It sounds like she's doing fine so far. For a feral, trust takes a long time. Introducing her to the rest of your house and Jett would definitely be easier without the dog. Any aggression or even curiosity by the dog would freak out the feral and be a step backwards. I have seen ferals in captivity (a cage) go into a passive state but it wasn't related to being tamed. It was some kind of survival mechanism. 

Taming ferals can take months and the steps are small, but rewarding. I agree with the advice about trying to pet her while she eats something tempting. If you let her out into the house she will probably hide for days or even weeks, but that is just her way of coping. Good luck, you clearly have a big heart.


Whaler is right, ferals are much more comfortable up high, well off the floor.


----------



## Dahlya (Mar 14, 2011)

Thanks guys so much for the responses. Her crate is up high, it's on top of my Armoire where my TV once rested lol. I put her up there initially because the dog does run around the house. I think I will move Hailey, the dog, in with my brother until I have her feeling more comfortable. 

You mentioned that her hiding for six weeks would be a normal thing and she'll come around, do they almost always come around or is there a chance she'll never want to socialize due to her age?

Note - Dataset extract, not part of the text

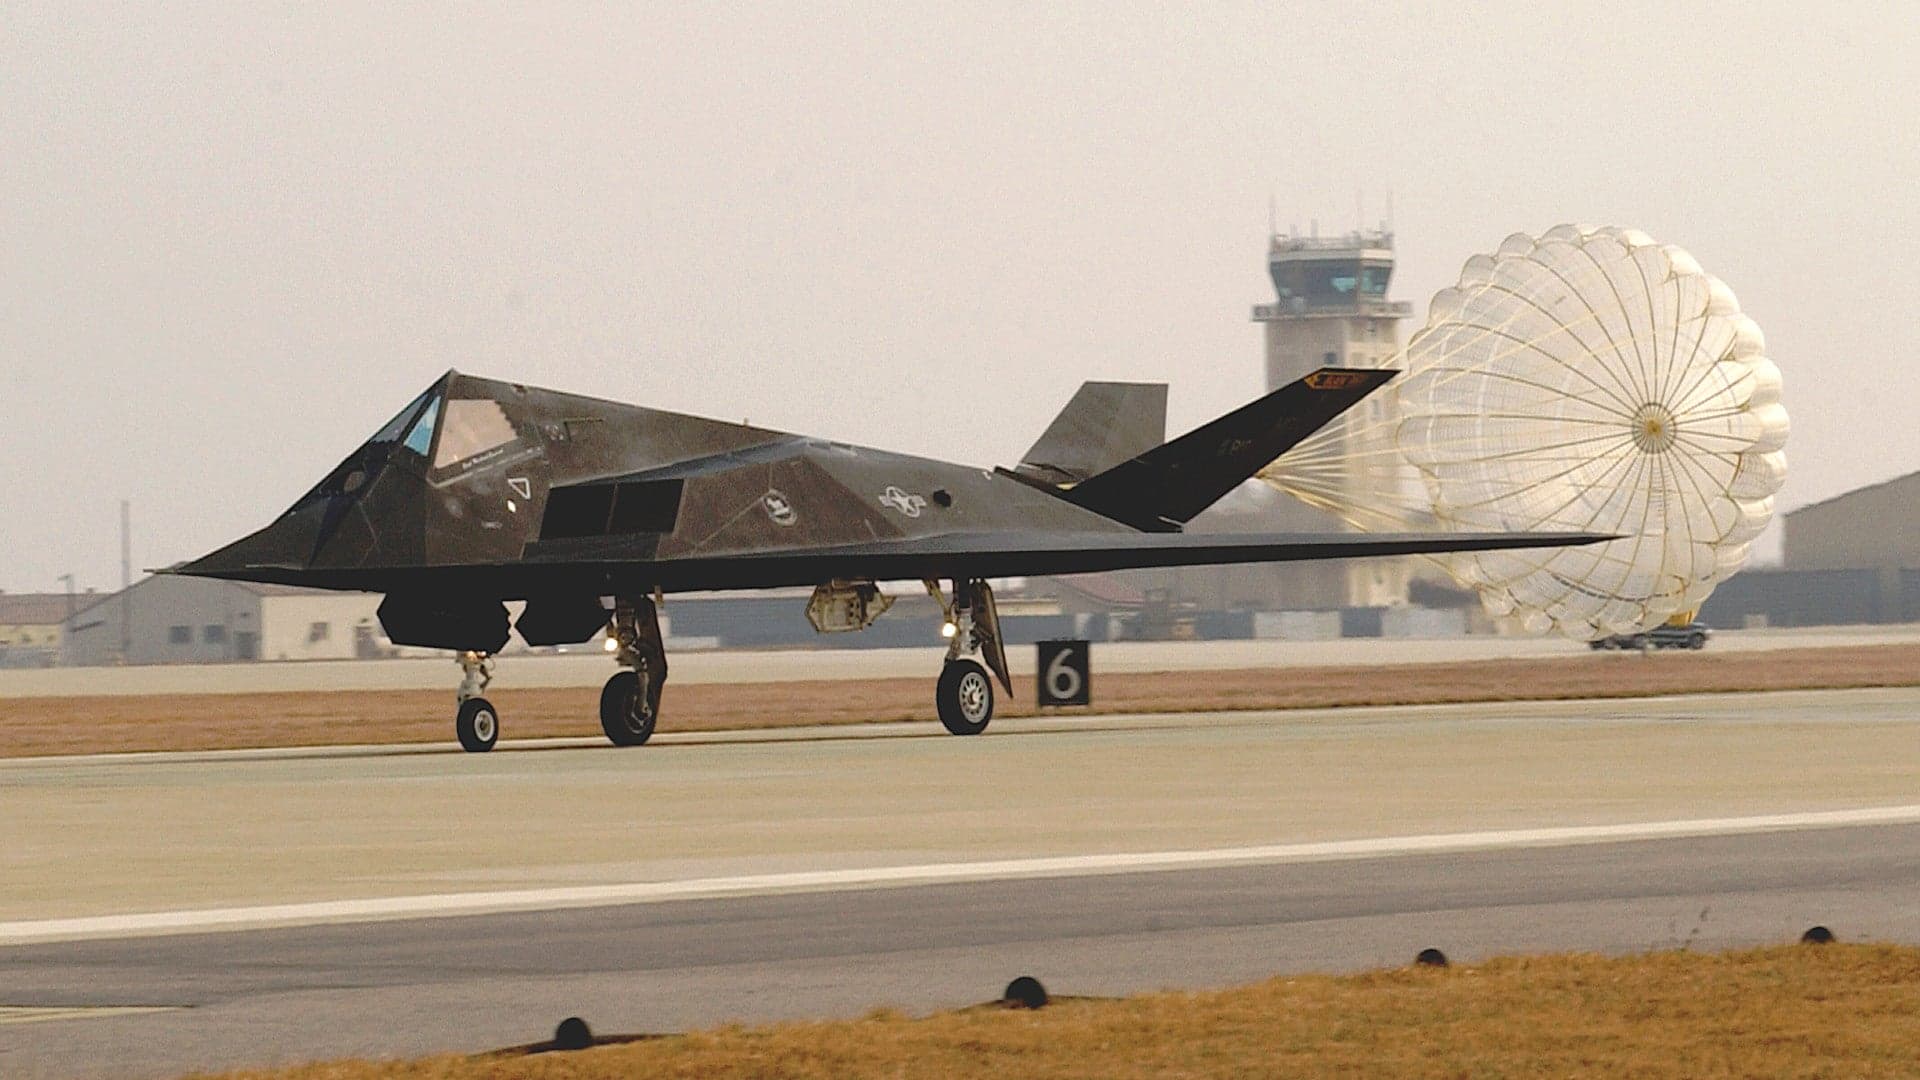 Here’s Who Has Been Flying The F-117 Stealth Jets And Why According To The Air Force

Thanks again guys, I really do appreciate the help with her. Oh btw Jett is the kitten that was dropped off almost two years ago, the feral kitty cat is still nameless  She's so timid I'm afraid to name her then her little personality come out and her name not suit her anymore. 

-Dahls


----------



## Whaler (Feb 13, 2011)

with one as young as yours, i am as certain as i can be that given time it will come around, at least to a degree. it may not ever be a cat that will want to hang out with guests but in time it will develop a bond with you. 

a couple of things to do once you do decide to let it out of the cage. first off make absolutely sure that you have blocked off anywhere that the cat should not be or could get injured from being there. second, lower the cage. not all the ways to the floor level, but a foot or so off the ground and make sure that the cat can easily get back in by creating a little set of stairs. this way when it is out and gets scared it can return to the "safe haven" of its den.


----------



## Greenport ferals (Oct 30, 2010)

Six months old is still very adaptable. Try to see this new world inside your house through your cat's eyes. After her life on the streets - it's overwelming. 

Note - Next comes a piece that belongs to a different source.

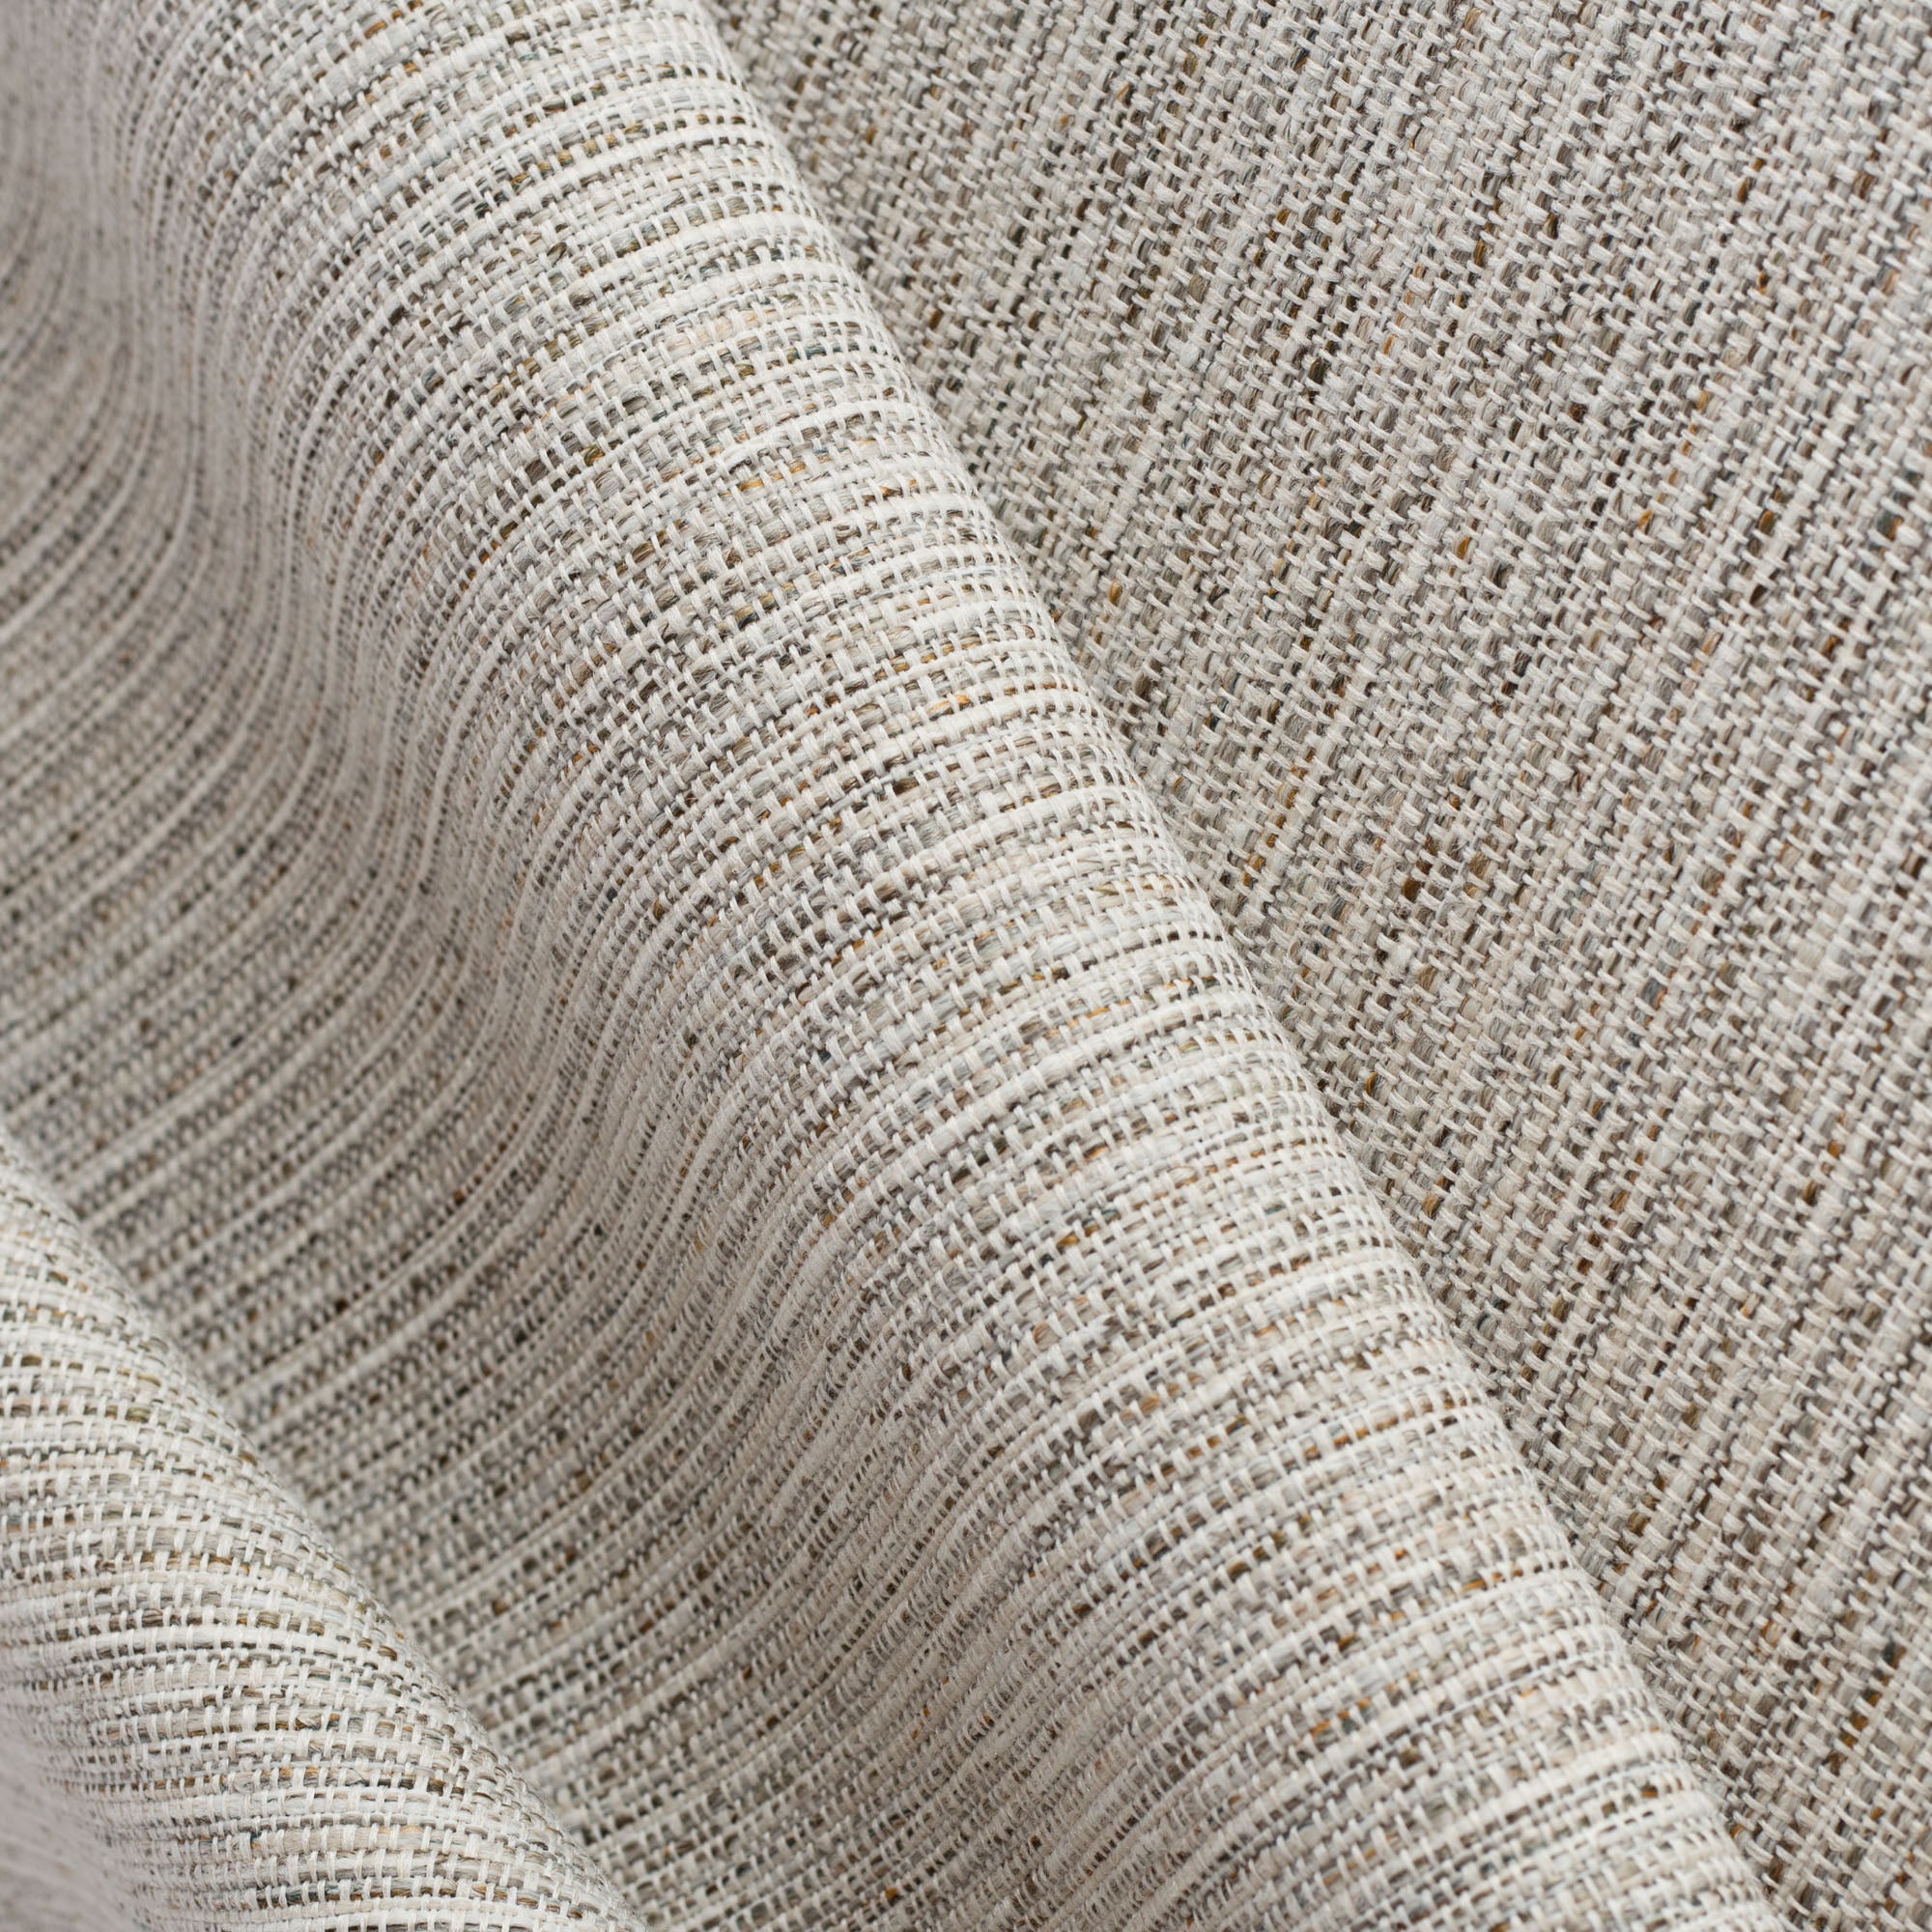 Arthur Tweed, a warm gray performance fabric from Tonic Living

Naming her would be a good first step, too. Try out some names on her. Cats learn their names pretty quickly. When my ferals were still wild and kept their distance, one of their first signs of acceptance was a pleased-looking response to my praise.


----------



## Whaler (Feb 13, 2011)

that is a good point Greenport ferals. i have noticed with my colony that when i talk to them and use their name they seem more comfortable and at ease with me.


----------



## Dahlya (Mar 14, 2011)

I name everything, even the fish in my tank have names. For some reason, I just can't seem to find a name that suits her. Someone on the Introduction forum mentioned Pepper, and I really liked that for her, but I'm not so sure she's feeling it. I really need to get a pic uploaded for you guys. 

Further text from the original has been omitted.